17 junio 2006

Veinte años de CAMPUS




Yo conocí esta revista con ya siete u ocho años, allá en los tiempos en los que se vendía, cuando uno iba media docena de veces al kiosco de la cafetería a ver si había salido porque, como ahora, no tenía fecha fija.
Como desde hacía algún tiempo escribía en un periódico de La Bañeza, Bedunia concretamente, se me ocurrió enviar un artículo al apartado de correos. Meses después lo vi publicado, me animé y pasé por la reunión, en la cafetería Momentos. Allí se desperdigaban por las mesas papeles de todo tipo, desde revistas del despelote a apuntes de microbiología, penal, contabilidad financiera y hasta obitualística. Lo que supuse que serían artículos y colaboraciones para el periódico circulaban más deprisa que el resto, pasando de mano en mano entre juicios unas veces ácidos y otras simplemente vejatorios; presidía el cotarro un tipo enorme mientras el resto se castigaba profusamente los oídos con toda clase de injurias, blasfemias rococó y griterío austrohúngaro o australopíteco. Austroalgo en todo caso.
A eso también estaba acostumbrado, así que me quedé y cogí la costumbre de caer por allí los viernes a ser uno más de los que voceaban, mangoneaban papeles y expurgaban la dudosa genealogía del prójimo.
Luego supe que lo de los papeles era una simple maniobra de encubrimiento para engatusar a los novatos incautos, porque el periódico se hacía en dos días de trabajar de veras, y que el resto del tiempo lo que verdaderamente se ventilaba era dónde ponían peor café, qué profesor tenía más queridas, cual había sido engendrado a escote y la compleja semántica de vocablos como “entrejoder” o “sexofonista”.
Pero el periódico salir, salía. Cuatro veces al año, sin fallar nunca. No había comités, ni consejos de redacción, ni reuniones pare decidir la fecha de la asamblea en que se decidiría reformar el anteproyecto para el borrador de estatuto del Coño de La Bernarda, pero el periódico salía. El método era simple y lo pillé al vuelo: el que tuviese una idea podía contar con que su proyecto saldría adelante con dos condiciones: que se buscara la pastas para financiarla y que se la currara. En CAMPUS eso de tener ideas maravillosas para que curren los demás o las pague el resto no pasó nunca de intento de suicidio.

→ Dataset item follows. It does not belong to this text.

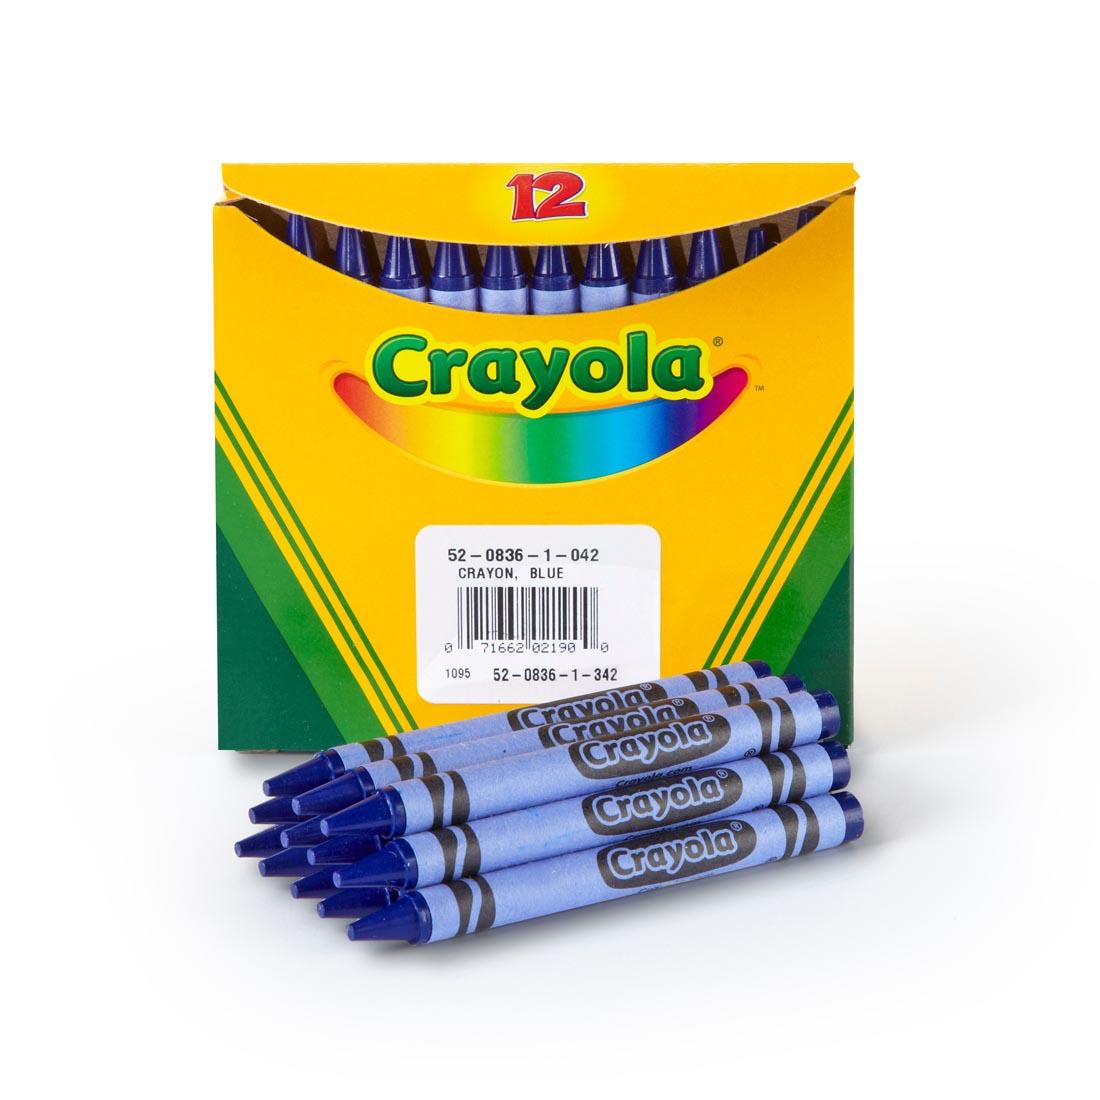 Box of Crayola Regular Crayon Refills with 12 Blue Crayons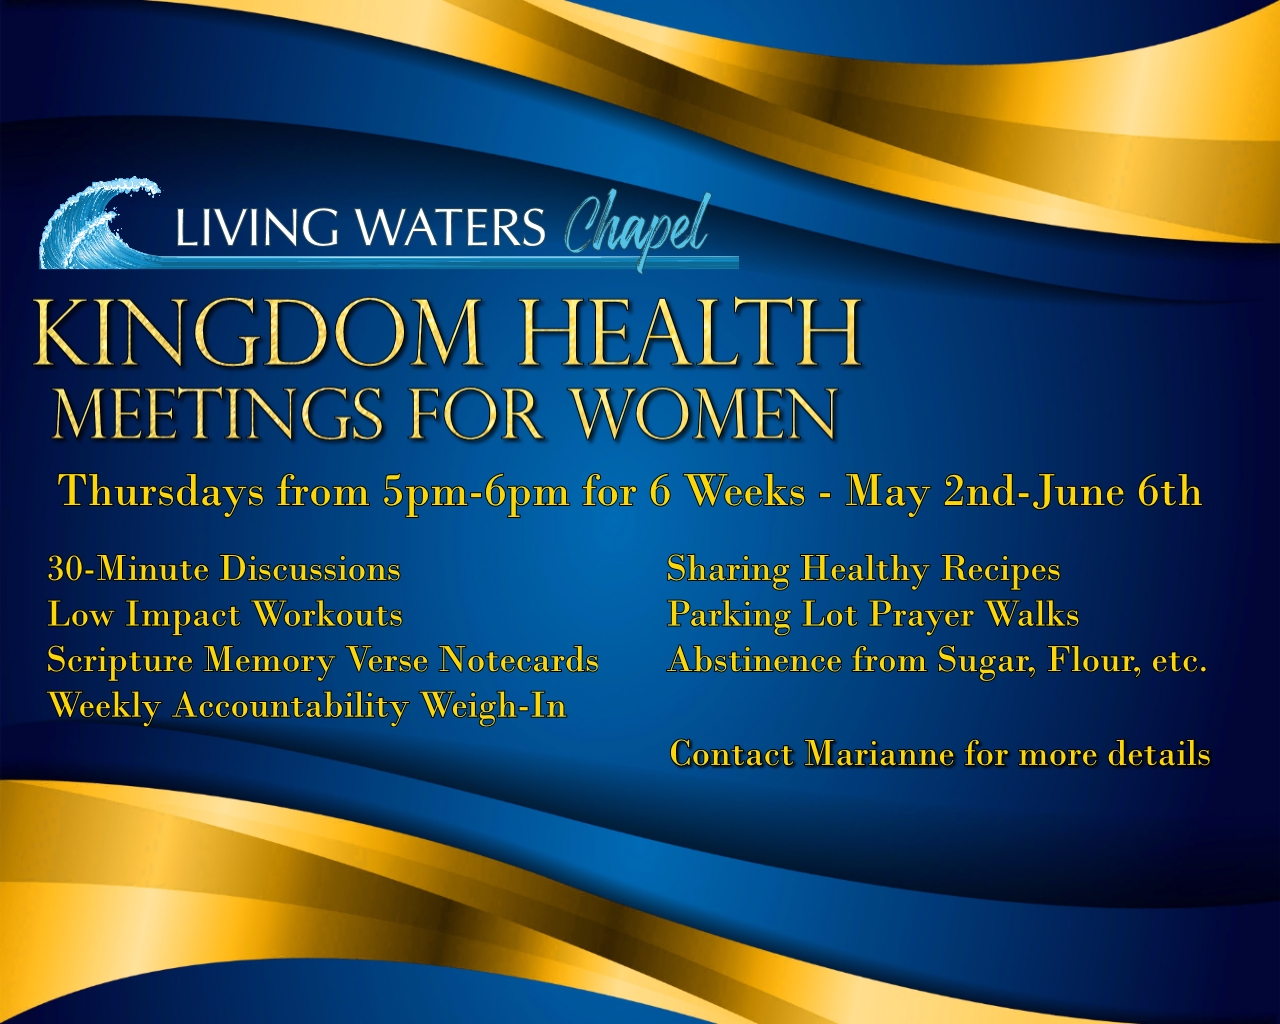 LWC Kingdom Health Meetings

Así fue como llegamos a una quiebra montaraz que superamos saliendo a hacer publicidad como posesos, y en cuanto se hubieron pagado las deudas, Marcelino, el director enorme, aprovechó la coyuntura para quitarse el cadáver de encima y cederme el catafalco. Juro por Dios que sólo me quedé con el periódico y que no tengo la mnás remota idea de dónde pudieron ir los cuarenta kilos por los que pregunta desde entonces todo el mundo. Los de Marcelino, digo; no os vayáis a creer que aquí hubo nunca cuarenta millones...
Así fue como además de director cambiamos de formato, y después de algunos números y unas cuantas vicisitudes, con quiebras, cuernos, defenestraciones y desfalcos incluidos, convertimos Chema y yo el periódico en gratuito.
Eso fue lo único que cambió realmente, porque las reuniones, los juramentos y la persecución de las autoridades no menguaron nunca. Y la sorpresa de ver que no cerramos, de ver cómo nos la suda lo que digan o lo que hagan va en aumento. A estas alturas y con los cierres patronales que llevan a sus espaldas ya deben de considerar lo nuestro algo milagroso.
Lo que sí ha ido menguando con los años es la participación física de la gente. Porque antes, el que tenía una queja, venía con ella en la mano, daba la cara, y si acaso te decía que si podía ser se lo publicaras con unas iniciales. Ahora, en cambio, la gente manda los artículos por internet, y en vez de escribirlos los copia de un foro argentino. Pero aún así los firma con seudónimo no vaya a ser que alguien se dé por aludido.
O sea, que en CAMPUS lo único que ha cambiado son los estudiantes, que son al fin y al cabo los que hacen el periódico. Lo que echo de menos son las reuniones, que se las cargó internet, y las maquetaciones a destajo, que se las cargó la informática, y a lo mejor aquellos viajes en autobús hasta Budapest, cogorza de anís incluida para hacer más llevaderos los kilómetros, o las ampollas de los ocho mil carteles que nos pegamos entre dos tíos, haciendo pensar al ayuntamiento que todo un regimiento de empapeladores y banderinistas asolaba la ciudad. Si nos pillan de aquella, nos capan.
Veinte años, y lo que ha cambiado es NADA. ¡Qué ciudad la nuestra, joder!